## SOURCE DATA
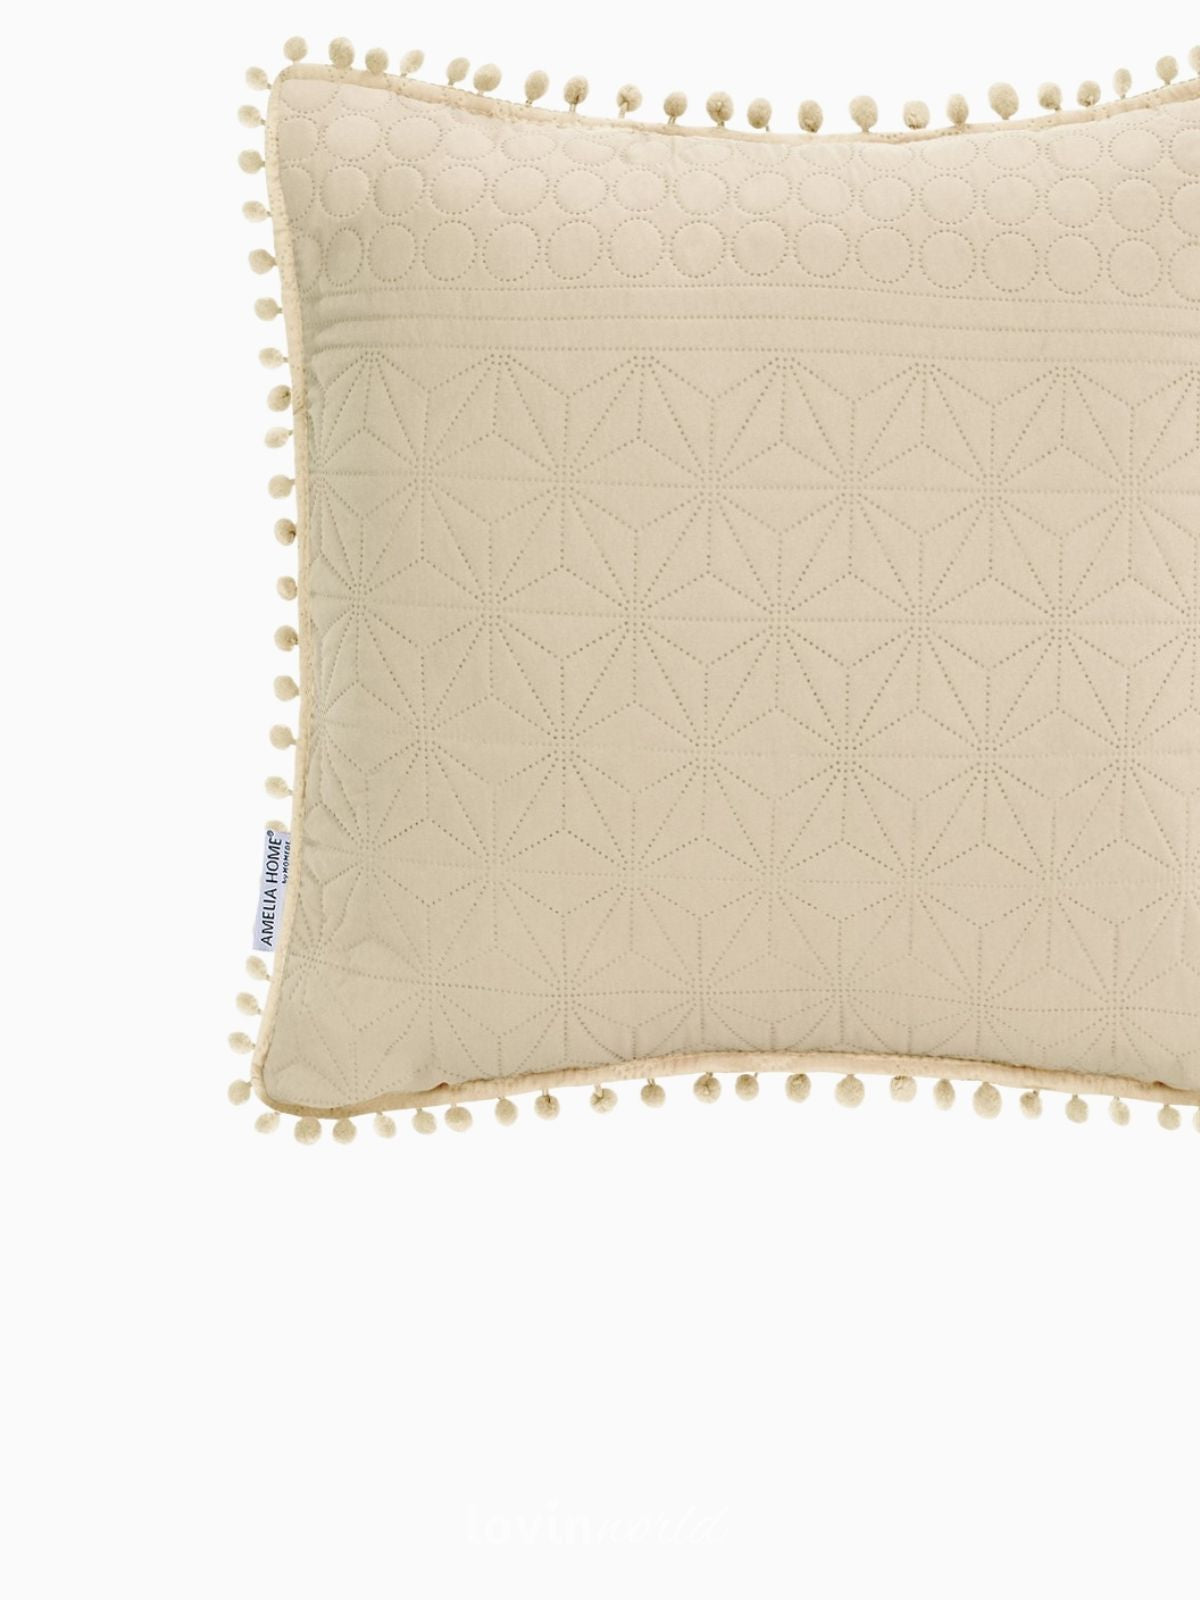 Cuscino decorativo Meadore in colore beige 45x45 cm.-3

==

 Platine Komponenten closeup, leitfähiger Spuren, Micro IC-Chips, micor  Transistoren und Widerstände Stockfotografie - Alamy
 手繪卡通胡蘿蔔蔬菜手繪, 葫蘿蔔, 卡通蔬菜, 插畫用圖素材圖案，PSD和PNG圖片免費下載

...

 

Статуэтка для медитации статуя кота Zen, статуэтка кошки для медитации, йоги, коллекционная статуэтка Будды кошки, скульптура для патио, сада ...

## WHAT YOU SHOULD DO
Could you write out, exactly as they stand, only the lines above that begin at the line with "Platine Komponenten closeup, leitfähiger" and stop after the line with "手繪卡通胡蘿蔔蔬菜手繪, 葫蘿蔔, 卡通蔬菜, 插畫用圖素材圖案，PSD和PNG圖片免費下載"?

## EXERCISE RESPONSE
 Platine Komponenten closeup, leitfähiger Spuren, Micro IC-Chips, micor  Transistoren und Widerstände Stockfotografie - Alamy
 手繪卡通胡蘿蔔蔬菜手繪, 葫蘿蔔, 卡通蔬菜, 插畫用圖素材圖案，PSD和PNG圖片免費下載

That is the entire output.